Files
rippled/include/xrpl/basics/CompressionAlgorithms.h.ai.md
2026-05-18 22:59:19 +02:00

5.3 KiB

CompressionAlgorithms.h — LZ4 Block Compression Primitives

This header lives in include/xrpl/basics/ and provides the low-level LZ4 compression and decompression routines used by the XRPL peer overlay network. It sits one abstraction layer below src/xrpld/overlay/Compression.h, which adds algorithm-selection logic and error suppression on top of what this file exposes.

Architectural Role

When XRPL nodes exchange P2P messages they can optionally compress the payload before transmission. The overlay layer negotiates compression during the connection handshake and then routes compressed messages through the functions defined here. CompressionAlgorithms.h isolates the raw LZ4 calls — the int-based C API hazards, buffer management, and stream chunking — from the policy-level decisions that live in Compression.h.

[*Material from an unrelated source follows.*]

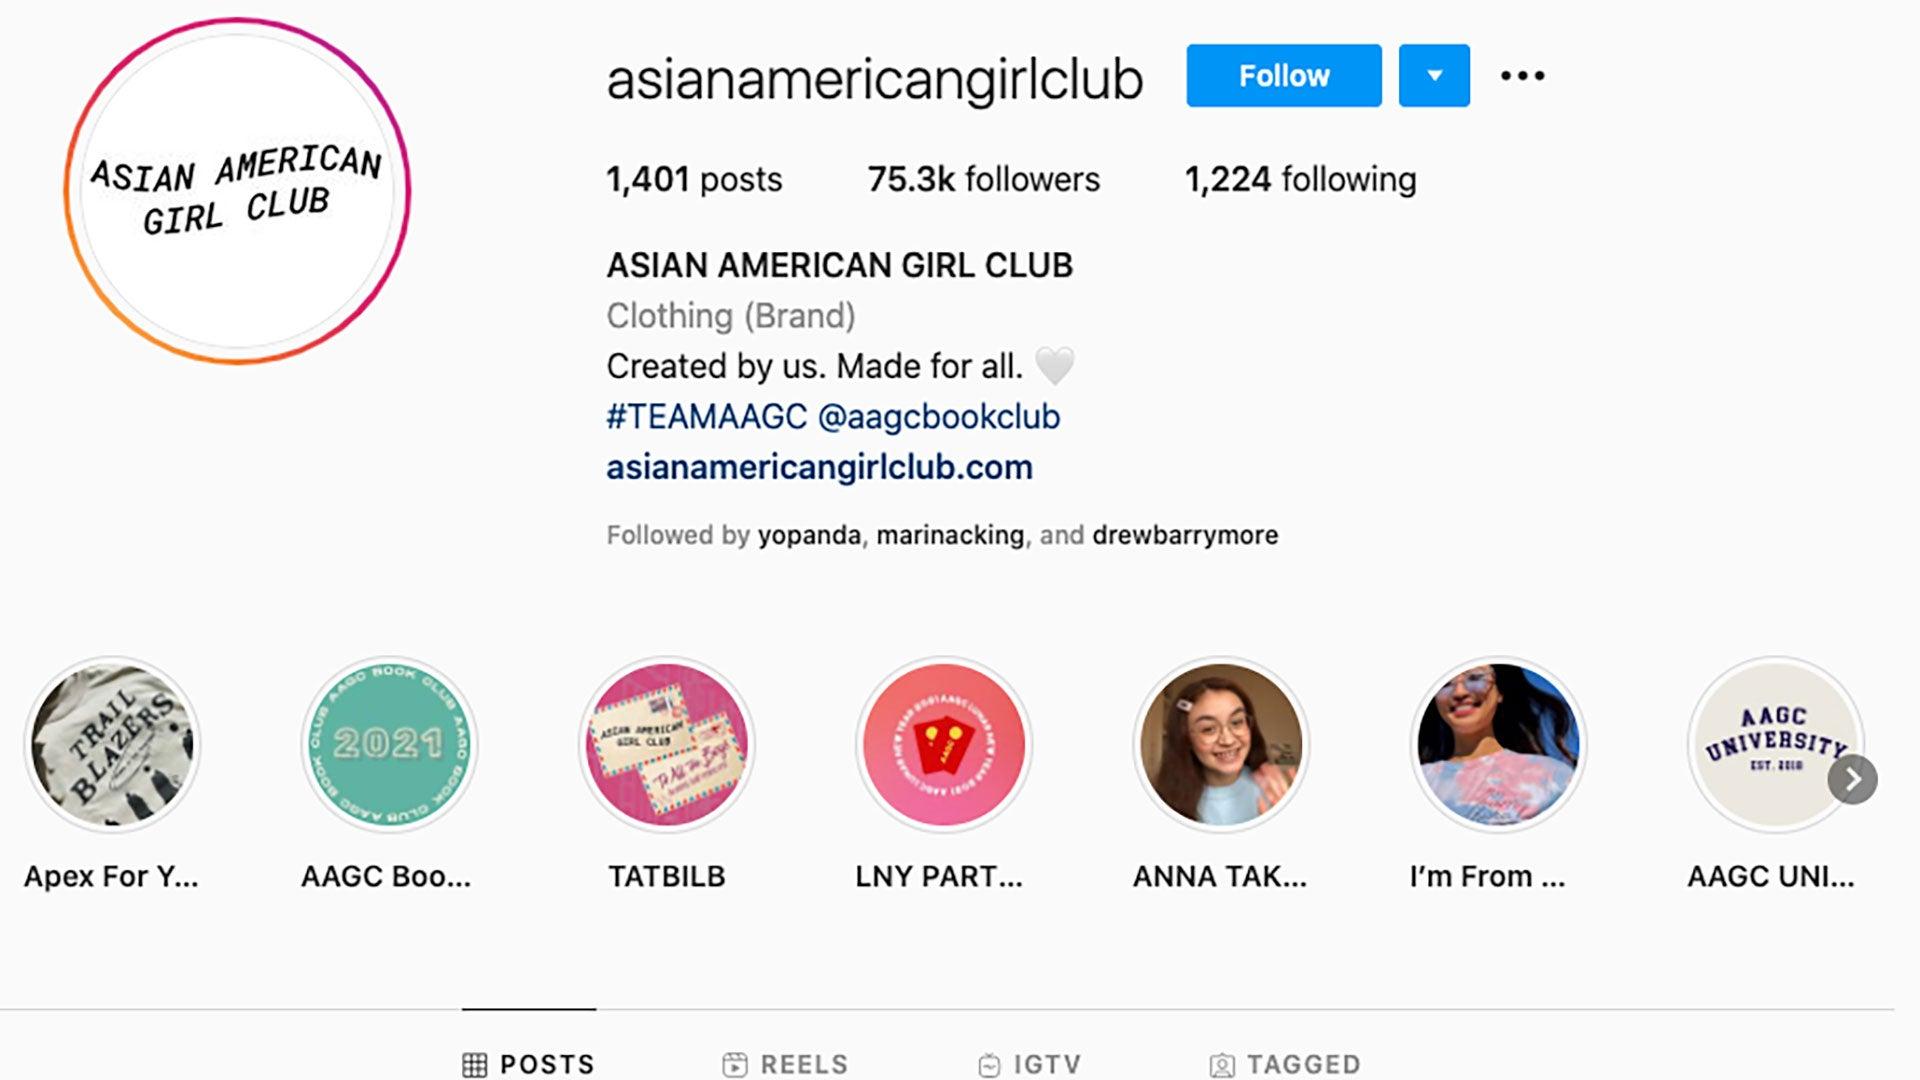 Asian American Girl Club IG

The functions are entirely in the xrpl::compression_algorithms namespace. There are no classes, no state, no singletons — just three free functions.

lz4Compress — Template with BufferFactory

template <typename BufferFactory>
std::size_t lz4Compress(void const* in, std::size_t inSize, BufferFactory&& bf)

The design choice to accept a BufferFactory callable rather than returning a std::vector is deliberate and important. The caller knows its allocation context: in the overlay code it may be writing into a Protobuf CodedOutputStream region or a pooled buffer. The factory receives the worst-case compressed size from LZ4_compressBound and returns a raw pointer; the template accepts any callable that satisfies this contract without virtual dispatch overhead.

The sole pre-condition check guards against input larger than UINT32_MAX. LZ4's block API uses int internally, so exceeding that limit would silently truncate the size argument. The function throws via Throw<std::runtime_error>, which logs a call stack through contract.h before throwing — consistent with XRPL's "crash loudly with context" philosophy for invariant violations.

lz4Decompress — Raw Buffer Overload

inline std::size_t lz4Decompress(
    std::uint8_t const* in, std::size_t inSizeUnchecked,
    std::uint8_t* decompressed, std::size_t decompressedSizeUnchecked)

The Unchecked naming in the parameters is the code's way of signalling that the size_tint narrowing has not yet been validated. The function immediately casts both sizes to int and checks for <= 0. This catches two distinct failure modes: a genuinely zero-length buffer, and a size_t value large enough that the narrowing wrap produces a non-positive int. Separating these checks with distinct error messages makes debugging easier.

LZ4_decompress_safe is used rather than the faster LZ4_decompress_fast. The safe variant takes the output buffer capacity as a bound and will not write past it even if the compressed data is malformed — essential when the input arrives from an untrusted peer on the network.

The function enforces an exact-size postcondition: if LZ4_decompress_safe returns anything other than the expected decompressedSize it throws. This reflects the fact that, in the overlay protocol, the original message size is transmitted in the message header; any mismatch means either corruption or a peer bug.

lz4Decompress — Streaming ZeroCopyInputStream Overload

template <typename InputStream>
std::size_t lz4Decompress(
    InputStream& in, std::size_t inSize,
    std::uint8_t* decompressed, std::size_t decompressedSize)

This overload works with Protobuf-style ZeroCopyInputStream objects that expose data as a series of chunks rather than a single contiguous buffer. The key optimization is the fast path: if the very first chunk returned by in.Next() is at least inSize bytes long, the function uses that chunk's pointer directly and avoids any allocation. In practice, compressed P2P messages typically arrive in a single TCP read buffer, so this path is taken most of the time.

When the data spans multiple chunks, the function lazily allocates a std::vector<std::uint8_t> of exactly inSize bytes (note the compressed.resize(inSize) is only reached on the second iteration) and copies chunks into it until the full compressed message is assembled. After reading, any bytes that were consumed from the stream beyond inSize are returned via in.BackUp(), preserving the stream cursor for the next message in the framing protocol.

The final validation before delegating to the raw overload checks that the amount actually read matches what was requested. This guards against a stream that ends early — e.g., a truncated TCP connection or a framing bug where the declared size doesn't match the available data.

Relationship to Compression.h

The overlay's Compression.h wraps these two functions inside compress() and decompress() functions that add an Algorithm enum parameter (currently Algorithm::LZ4 = 0x90 or Algorithm::None). Those wrappers catch all exceptions from the functions here and return 0 on failure, converting the throw-on-error contract into a return-zero-on-error contract. The distinction is intentional: the raw primitives throw so that callers who want structured error handling can use them; the overlay wrapper normalises failures to a 0 return value to simplify the state machine in the peer message processing loop.